Management of the diabetic foot
Many diabetic foot problems are avoidable, so patients need to learn the principles of foot care and should be advised concerning appropriate footwear and the risks of smoking. Older patients should visit a chiropodist regularly and should not cut their own toe-nails. Once tissue damage has occurred in the form of ulceration
or gangrene, the aim is preservation of viable tissue. The two main threats are:
INFECTION. This rapidly takes hold in a diabetic foot, and early effective antibiotic treatment is essential. Collections of pus are drained and excision of infected bone is needed if osteomyelitis develops and does not respond to appropriate antibiotic therapy. Regular Xrays of the foot are needed to check on progress.
ISCHAEMIA. The blood flow to the feet is assessed clinically or with the Doppler ultrasound stethoscope. Femoral arteriography may be performed, since localized areas of occlusion may be amenable to bypass surgery or angioplasty.
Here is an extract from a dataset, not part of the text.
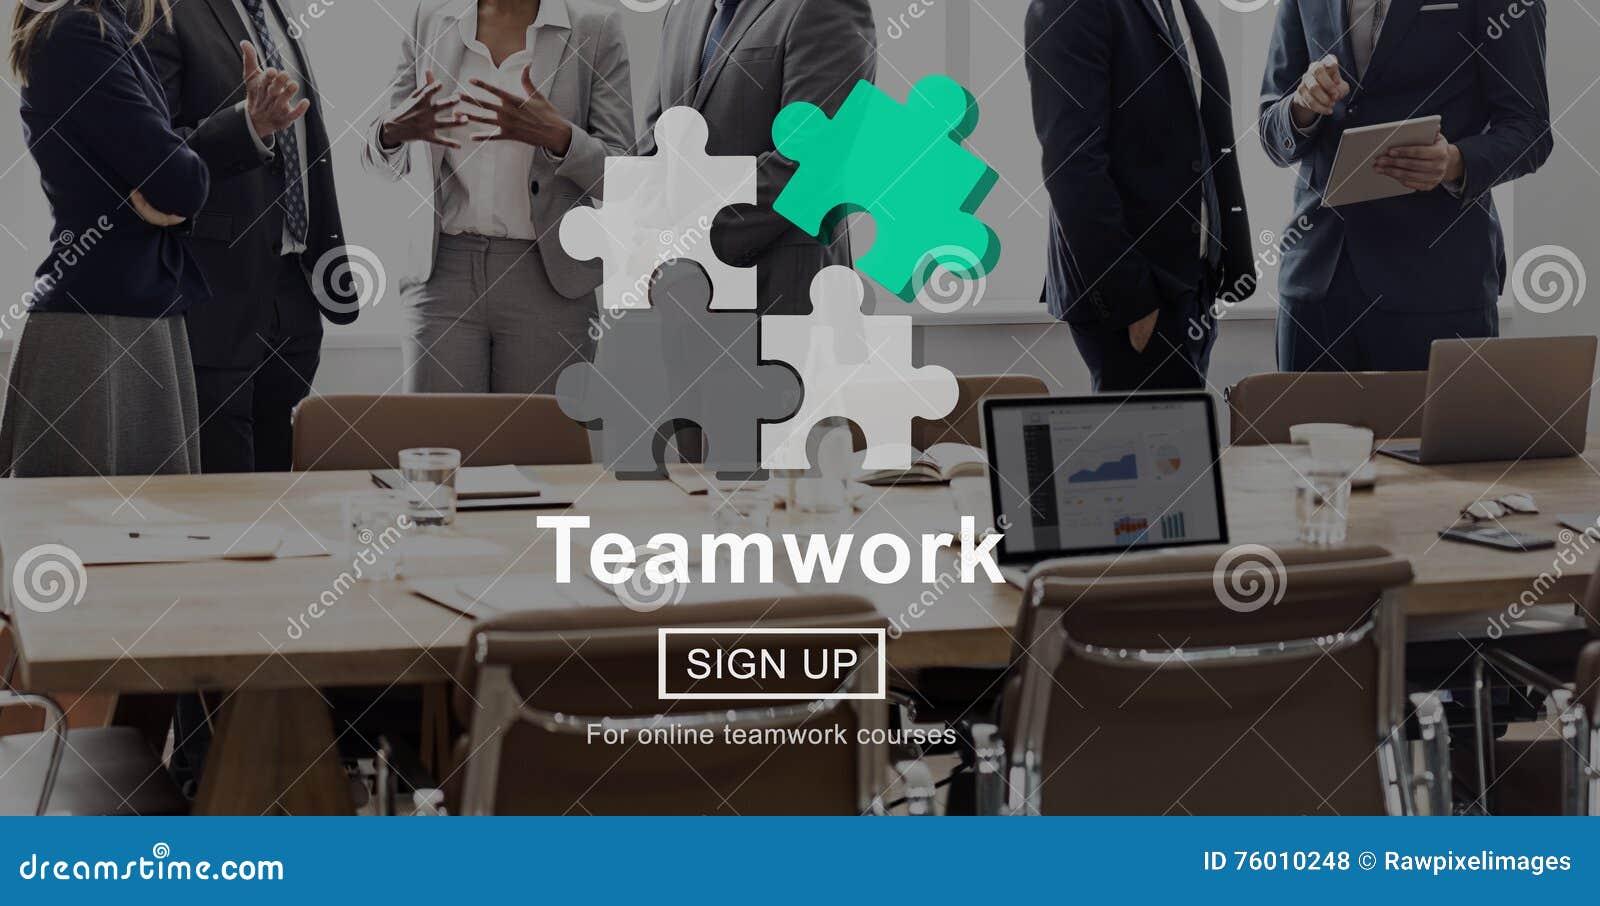 Έννοια ενότητας συμμαχίας συνεργασίας ομαδικής εργασίας ομάδας

Foot problems are the major cause of hospital bed occupancy by diabetic patients. Good liaison between surgeon and physician is essential if this period in hospital is to be used efficiently. When irreversible arterial insufficiency is present, it is often quicker and kinder to opt for an early major amputation rather than subject the patient to a debilitating sequence of conservative procedures.